Career Canvas

Career Canvas is a startup looking to help aspiring and experienced people reach their job goals by providing professional writing and career coaching services. At an early stage, I was asked to come on board and design a complete brand identity and style guide for the company in addition to web design and front-end development. Each stage of the design process brought unique challenges and helped me grow as a designer and a learner.

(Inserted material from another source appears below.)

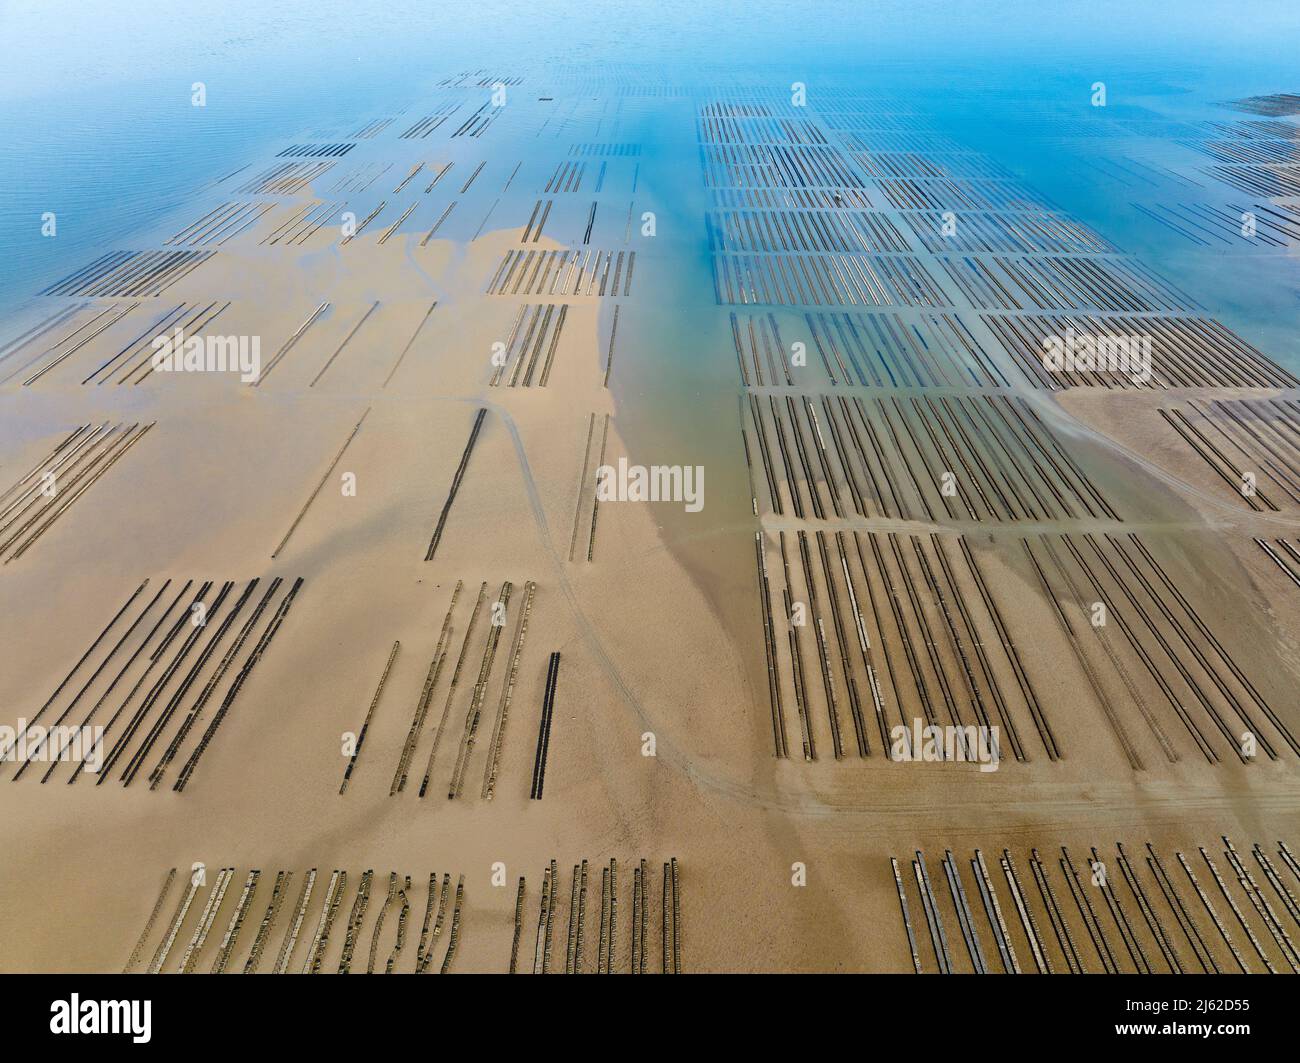 Oyster farming at Grandcamp Maisy, Normandy, aerial view Stock Photo

Throughout this project, a consistent challenge and growth area was communication. In my previous experience, I've worked primarily with designers and developers or business people who are very familiar with design and development processes. In this case, the client I worked for was a newcomer to both fields. The client brought solid business development and marketing understanding but required help understanding design and technology needs. I learned early on that I needed to help the client understand the value of my work and the design process. This had the side effect of helping me refine and better understand the work I was doing too.

Branding

When starting with the branding process, I began by interviewing the client. I asked them what brands they liked, about the businesses primary competition, about what they wanted visitors to feel when seeing the branding, and what they wanted associated with the brand. These questions gave me additional clarity regarding the client's expectations and clear up any initial misconceptions about what the branding should accomplish.

A series of logomark design explorations.

In the early parts of this process, I sketched a series of different concepts for the brand's mark or icon and iterated on the most promising ones. I had to stay away from marks that only relied on Career Canvas's initials because of the many prominent brands that already take that form (e.g. Chanel). Instead, I started with some very abstract marks but found those did not achieve the goal of communicating with people who were unfamiliar with the company.

A series of color variations and sizes for the final brand system.

After dozens of iterations, we settled on a mark that represented the artistic aspect of the brand. Importantly, the mark works in a wide variety of situations with and without accompanying logotype, as shown below. The mark can be used in greyscale, on a light background, and on a dark background.

This background pattern is used to add visual interest and symbolize reaching one's goals.

After settling on the mark, I continued to build a design system for the rest of the brand. This took the form of a formal style guide that covered the logo's form and usage, typography, and brand colours. This includes the mountain pattern above, which would be horizontally tiled for use on the web or in other digital and print mediums. I spent a good deal of time learning about and working through strong typography for the brand. I searched for modern, serif headings typefaces and geometric sans-serif body typefaces that were visually complementary. The typeface pairing I selected, however, was not received well by the client, but we were able to agree upon just utilising Averta, the body typeface, across all typography for the brand.

Initial typography.
Final typography.

Web Design

With the design system mostly completed, I found the site design came together quickly. In fact, I was able to design and build the initial version of the global components of the site including the header and footer as well as the homepage in only a few hours. With the design system underpinning the site's design, it was easy to quickly build pages of the site and interfaces for users, writers, and admins to track orders, respond to tickets, and update account information.

I ensured the site is fully accessible for users navigating with keyboards and screen readers. Thanks especially to Heydon Pickering's Inclusive Front-End Design Patterns for inspiration and reference to this end. The entire website is also optimised for HTTP/2, with styles and scripts properly split for each page.

Rather than be an afterthought, the registered customer experience was also a focus of mine. Ensuring customers had a clear dashboard where they could review their order, change personal details, and respond to tickets is just as important as making sure the checkout flow was functional.

Furthermore, admins and writers have similar dashboards with navigation tuned to their needs. Admins, for example, see all orders on the site while writers can see tickets assigned to them.

Ticketing administration even has specifically tuned components and clean interface to ensure new and existing orders are not a chore to manage. The front-end of the site reflects the same attention to detail and, of course, a clean, responsive design.